"You'd better get him out as soon as you can," said his mother.

The children remembered the spot where they had been playing on the sand before they took the pony rides. Nettie ran back there, and soon found her Rag Doll.

"But where's my Plush Bear?" asked Arthur anxiously, looking up and down the beach. "I made a hole here, right by Nettie's Doll, and I put sticks in the hole, like bars in a circus cage, and I left my Plush Bear in the hole."

"Are you sure this is the place?" asked Mrs. Rowe, as she, too, looked searchingly up and down the sand. She did not want Arthur to lose his toy.

"It was right here," declared the fat boy.

"I don't see any hole," went on Mrs. Rowe.

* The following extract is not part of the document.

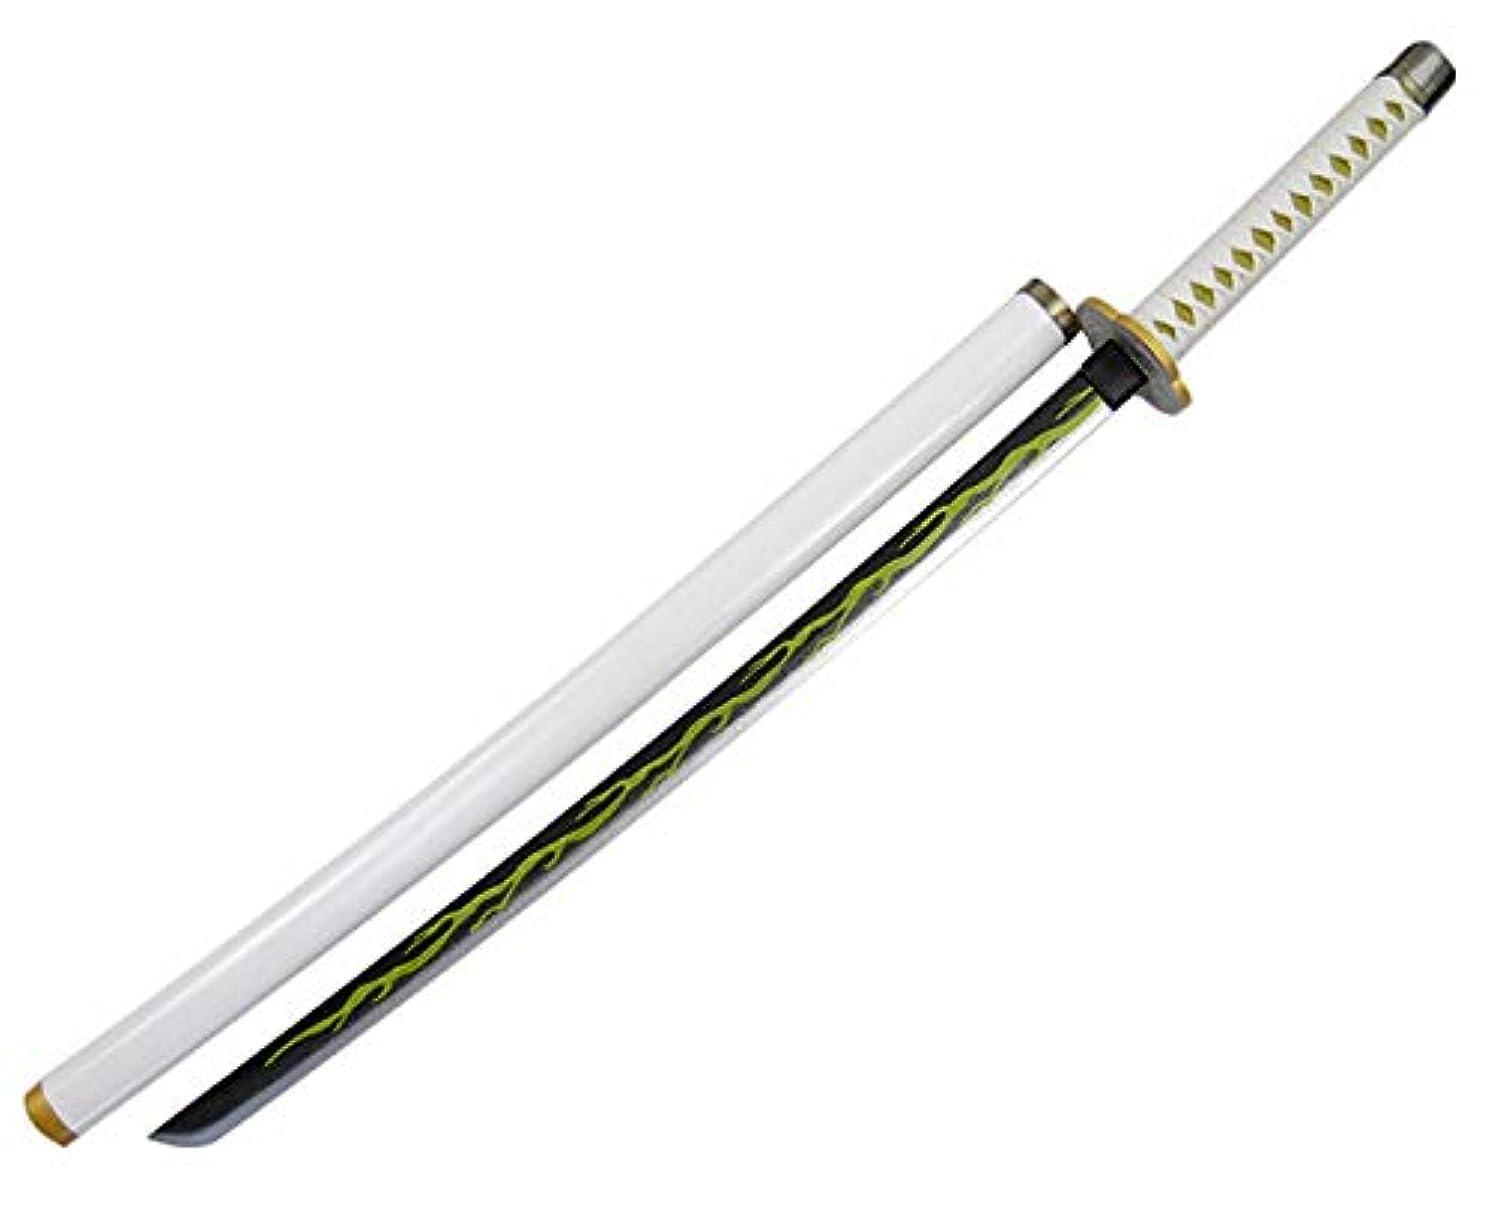 遠い見せますフレッシュ鬼滅の刃 我妻善逸 刀袋付き 木製模造刀 剣 武器 仮装変装用道具 コスプレグッズ (我妻善逸)

Of course she did not know that the pony had scattered the sand, filling up the little cave Arthur had made.

"Oh, where is my Plush Bear?" cried the little fat boy, and he was almost ready to cry. His mother and Nettie helped him look. So did other children, wandering up and down the beach, but there was no sign of the toy. Then a coast guard, one of the men who march up and down the sands, keeping watch for shipwrecks, came along the boardwalk.

"Have you lost something?" asked the guard, as he came down the steps from the boardwalk to the beach.

"We lost a Bear," said Arthur.

"A bear?" cried the guard, in surprise. "A—a bear?"